# Olympic Travel Rant....



## RoobyDoobs (26 July 2012)

I have Olympic tickets for the 8th and 9th... showjumping and dressage.  I'm so excited I'm beside myself!!!  However.... To be prepared, and well in advance, I booked travel tickets for two (Flitwick to the London Games) for both days as my daughter and I were originally staying at my sisters in Bedford to make travel easier on the day.  At the time, we couldnt get a hotel room in London for love nor money.  I have just managed to book a hotel room in London and so no longer require the train tickets I originally booked.... £50 worth!!!  I also didnt know when booking that I would receive free travel tickets with the olympic tickets.....  (National Rail kept that one quiet didnt they!!!)

I have just called the National Rail Games ticket line to cancel the original train tickets I bought well in advance to be prepared and they are non-refundable.  Gutted!!!  50 quid down the pan!!!


----------



## Xander (26 July 2012)

Try selling them in the local paper?


----------



## LizzieJ (26 July 2012)

The cheap advance tickets are never refundable sadly. It's the risk you take to get cheap fares. Someone else might buy them though 

ets the free travel card is only for zones 1-9.


----------



## Liza30 (26 July 2012)

I can't believe you're going!
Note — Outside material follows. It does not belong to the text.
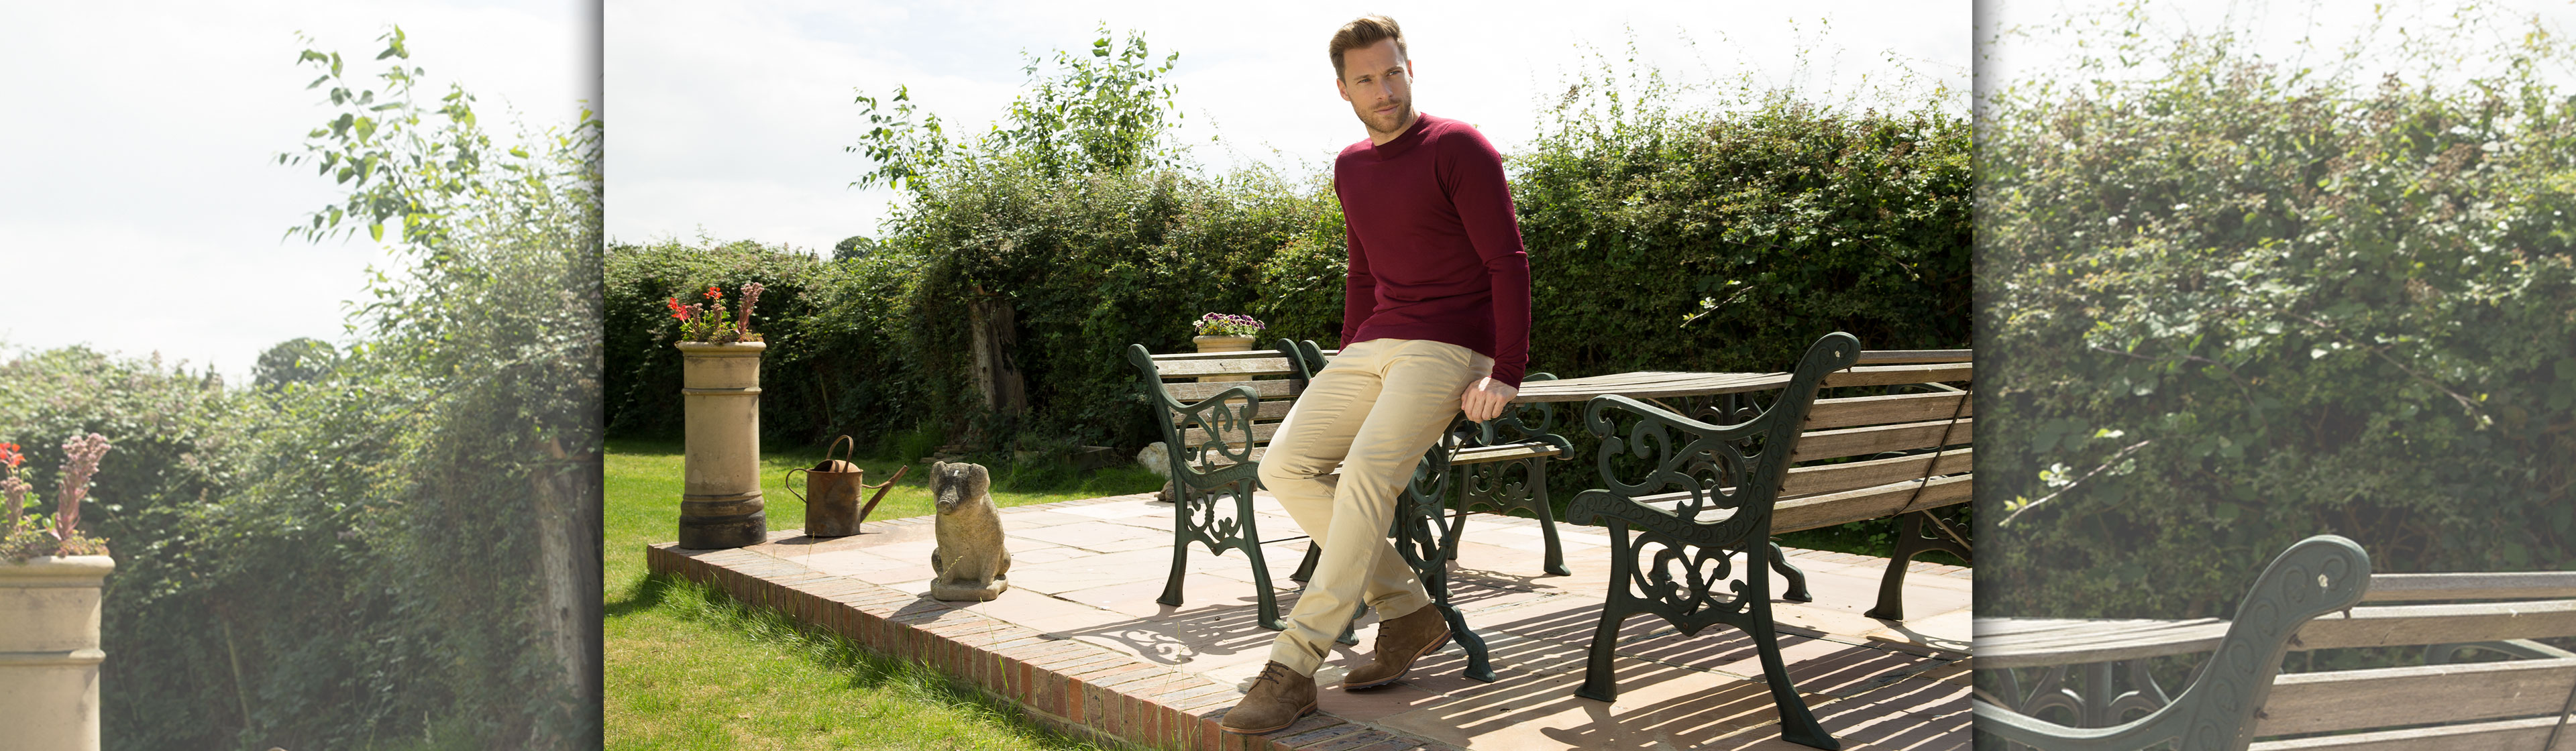 Brand Spotlight: John Smedley's World Famous Knitwear
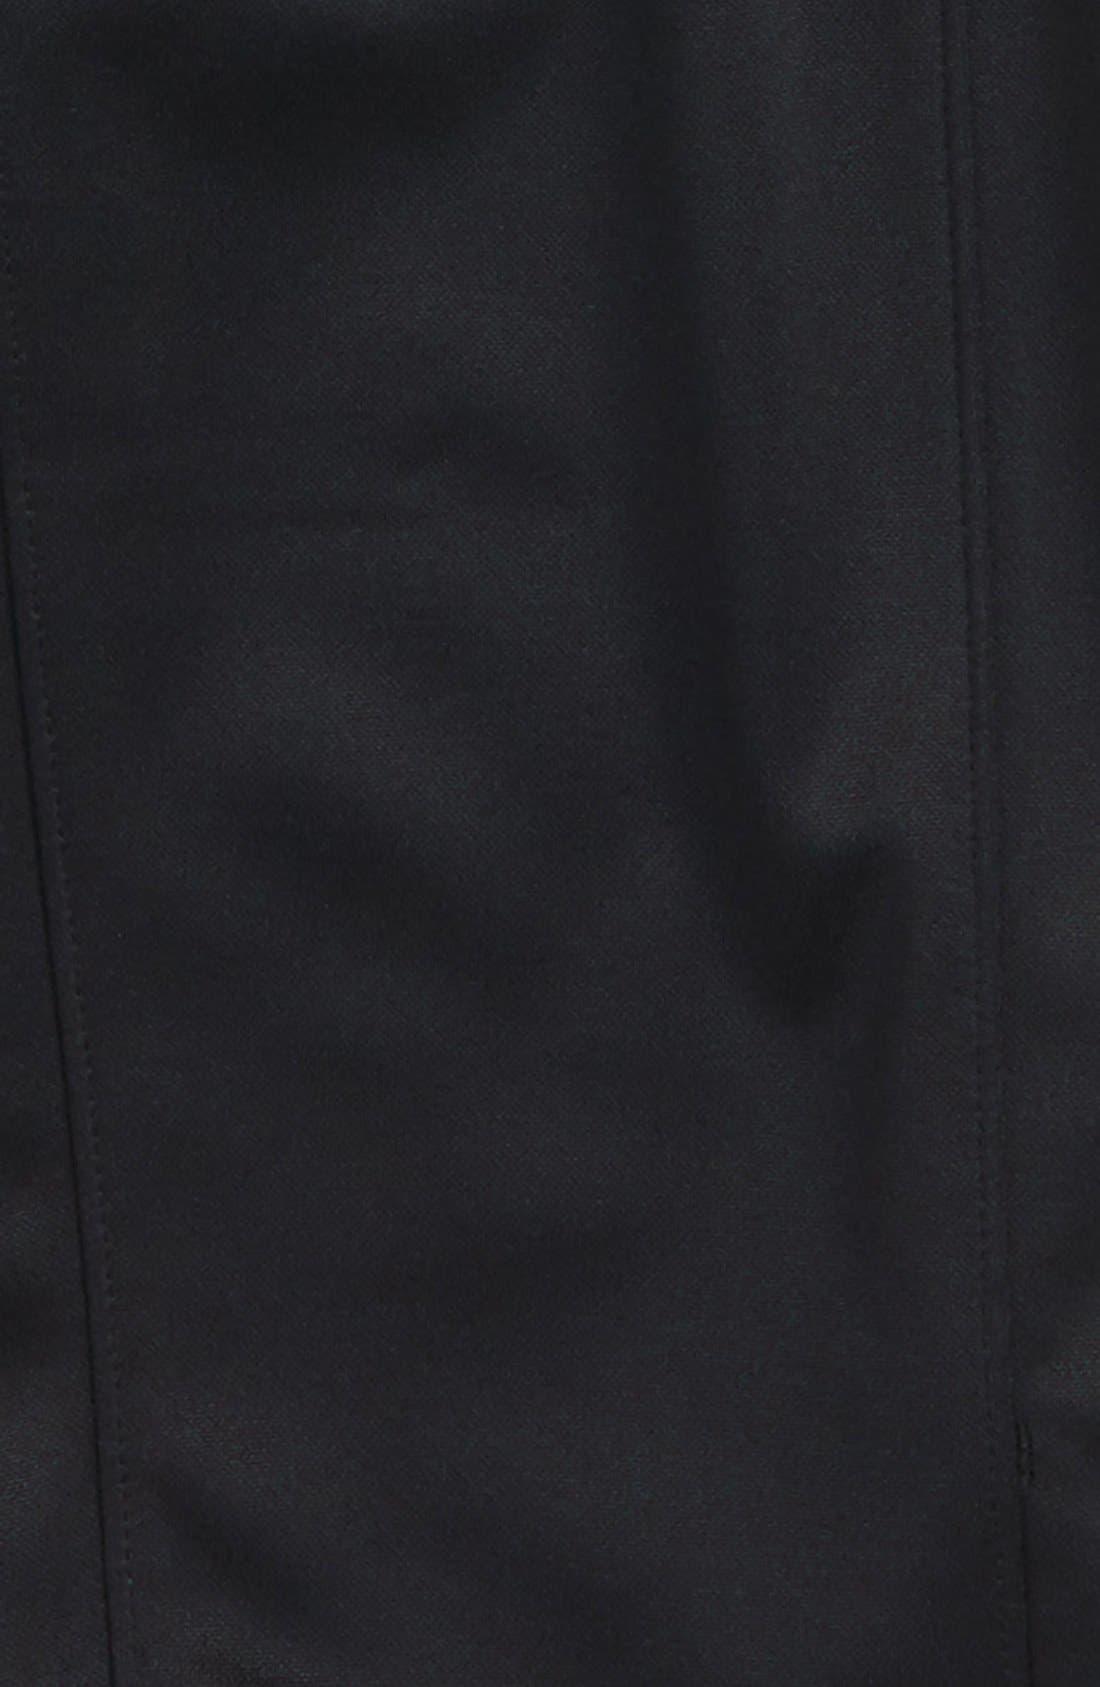 'Elite' Therma-FIT Pants,                             Alternate thumbnail 2, color,                             010

You are so lucky!  Did you have to get them really in advance?

My family and I arrived in England just recently and with all the move and things I didn't look into that  when I should have.

Now it's just impossible...


----------



## smellsofhorse (26 July 2012)

See you there on the 8th!

We are driving part way then train and tube to the cutty sark heard this was better than getting off at the Greenwich park stop !


----------



## Maisy (26 July 2012)

blucanoo1990 said:



			See you there on the 8th!

We are driving part way then train and tube to the cutty sark heard this was better than getting off at the Greenwich park stop !
		
Click to expand...

Cutty Sark is shut for the Olympic period....well after 7am it is....you will have to go to Greenwich....


----------